Input data:
►

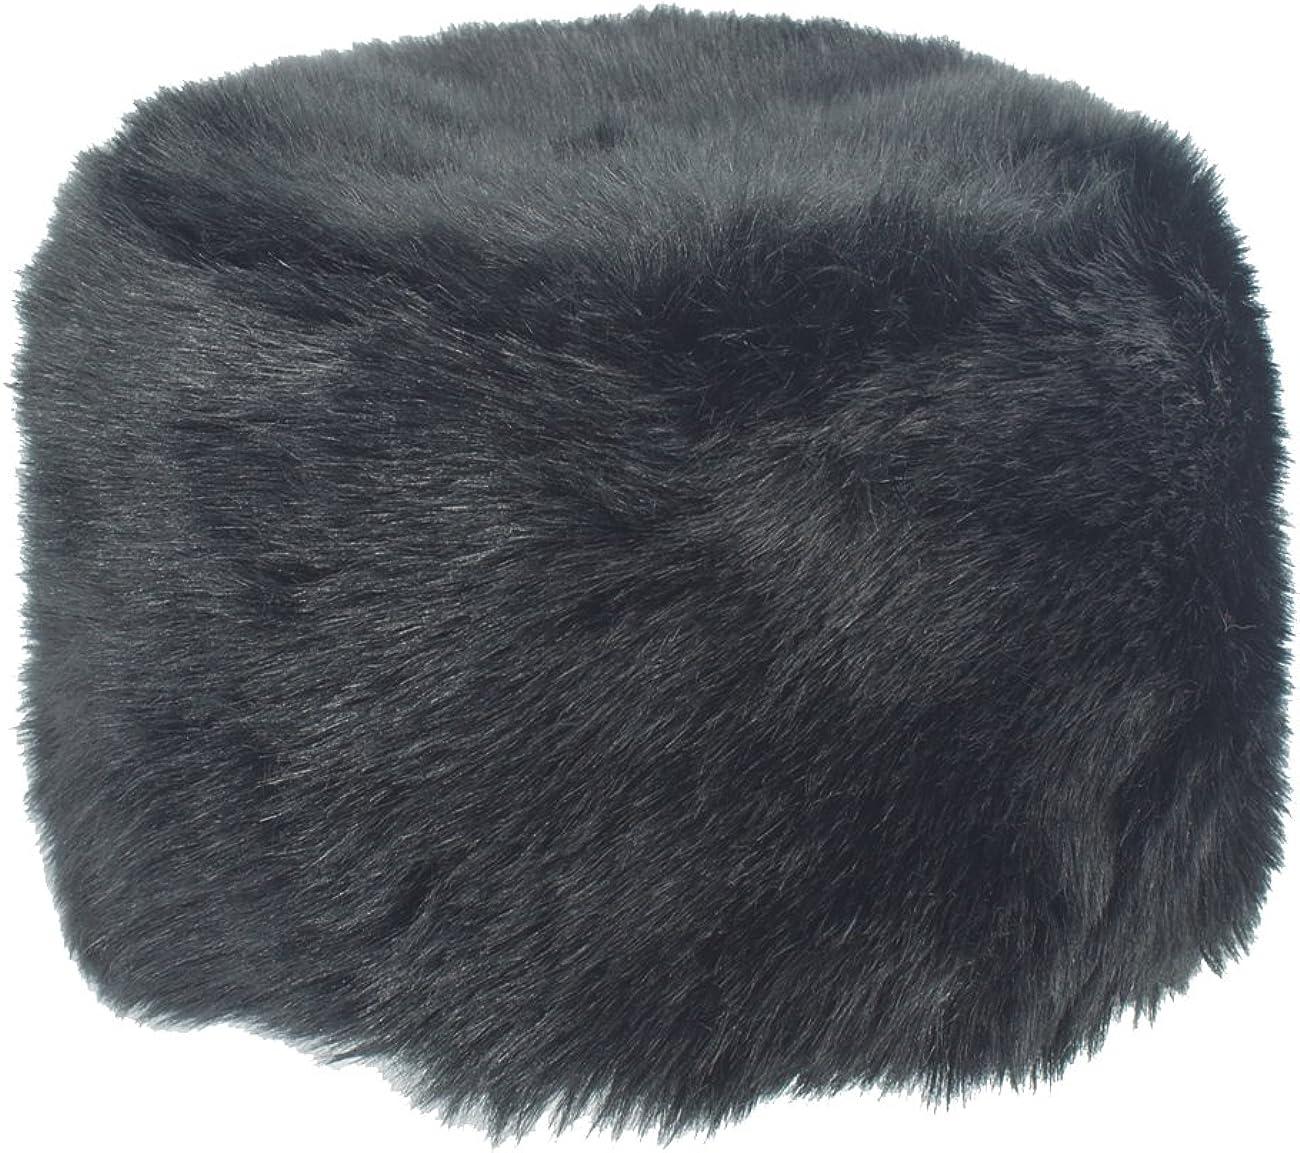 Dahlia Women's Skullies & Beanies - Wool Slouch Beanie, Rhinestone/Bow, Black
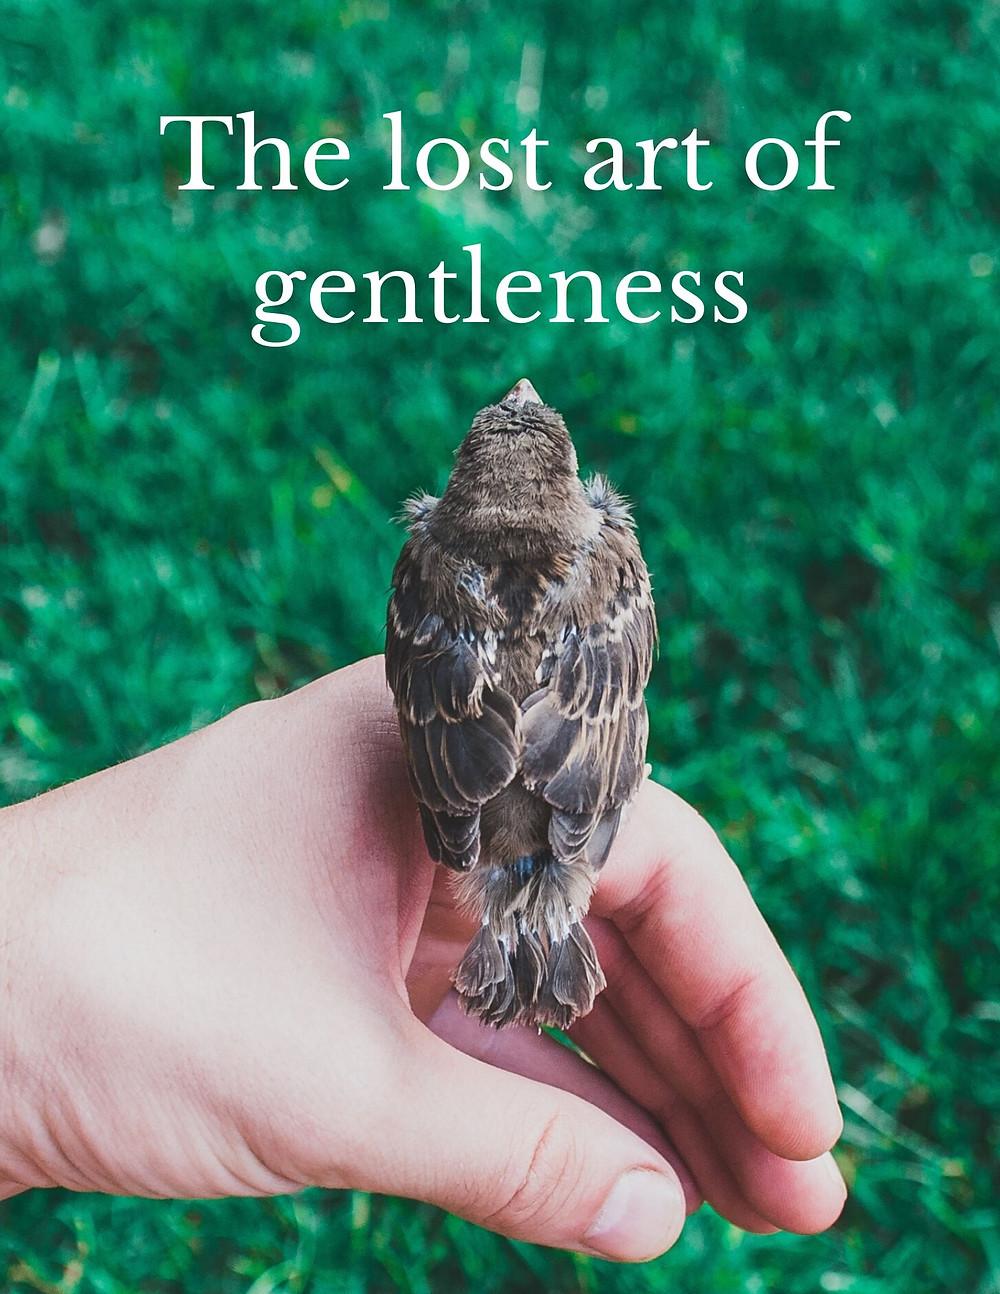 The lost art of gentleness
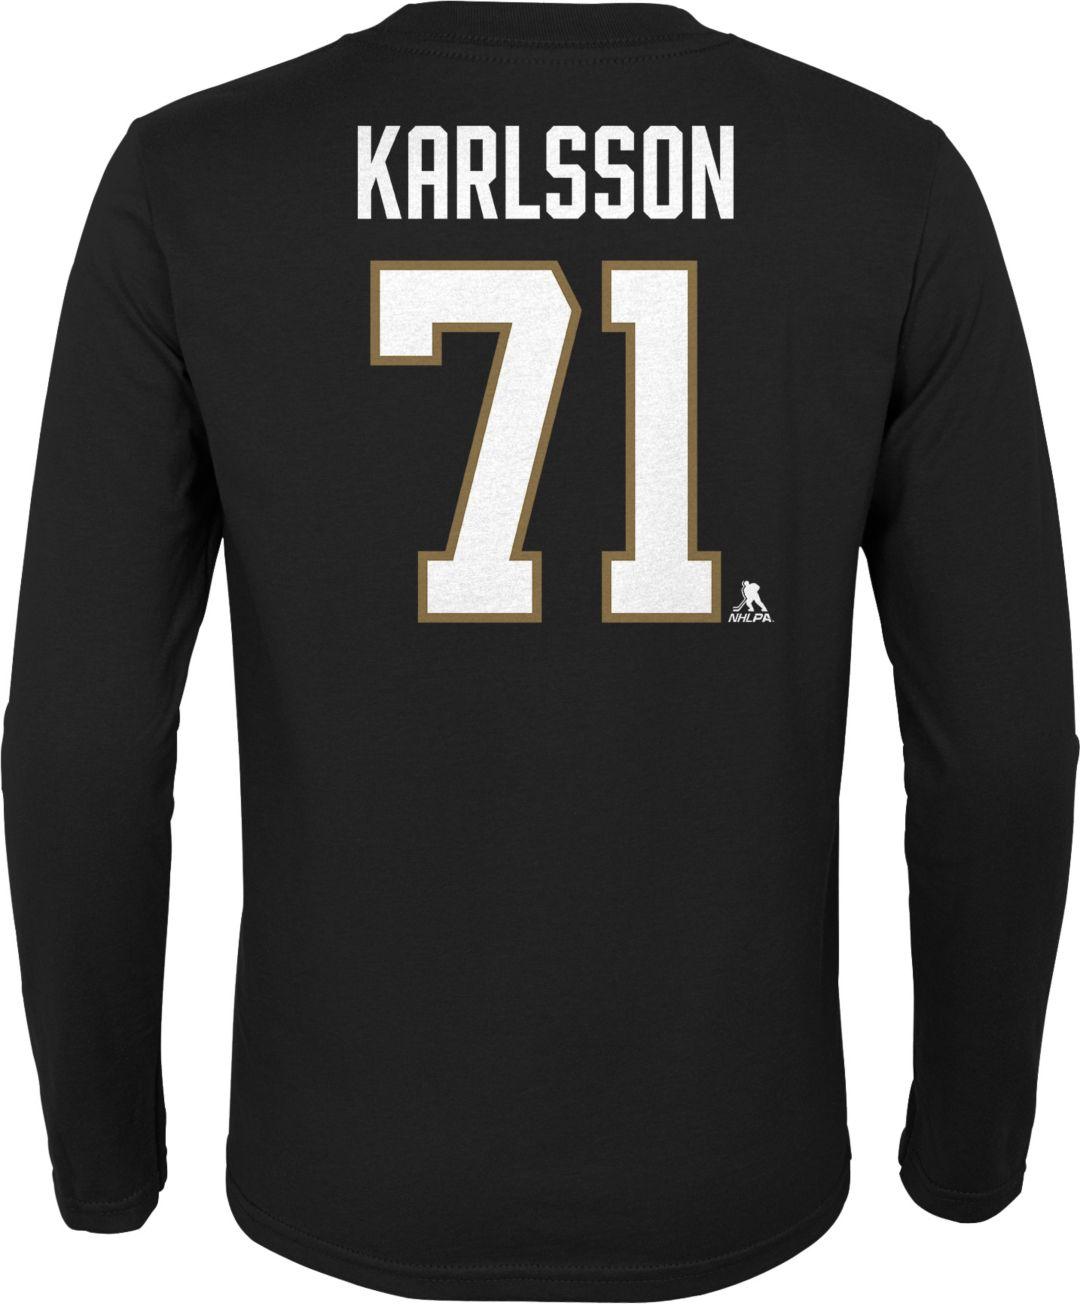 sale retailer 37687 2ec1c NHL Youth Vegas Golden Knights William Karlsson #71 Black Long Sleeve  Player Shirt
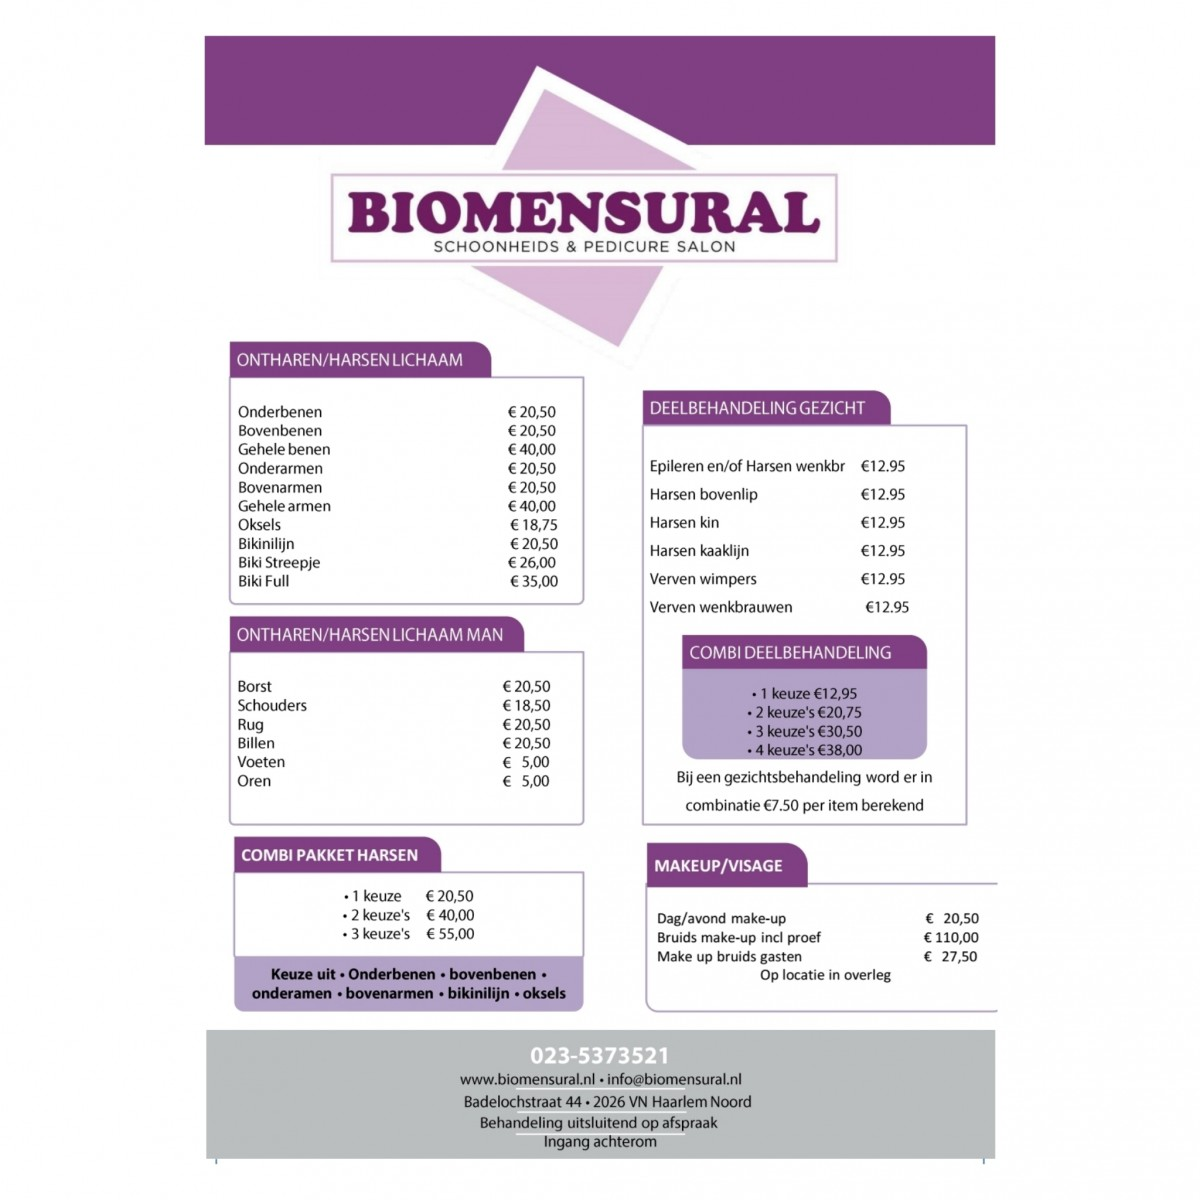 photo - Biomensural Schoonheids & Pedicure Salon

◄

Activity:
Quote the data above in full, leaving out the pictures it holds.

Answer:
 Dahlia Women's Skullies & Beanies - Wool Slouch Beanie, Rhinestone/Bow, Black
 The lost art of gentleness
 sale retailer 37687 2ec1c NHL Youth Vegas Golden Knights William Karlsson #71 Black Long Sleeve  Player Shirt
 photo - Biomensural Schoonheids & Pedicure Salon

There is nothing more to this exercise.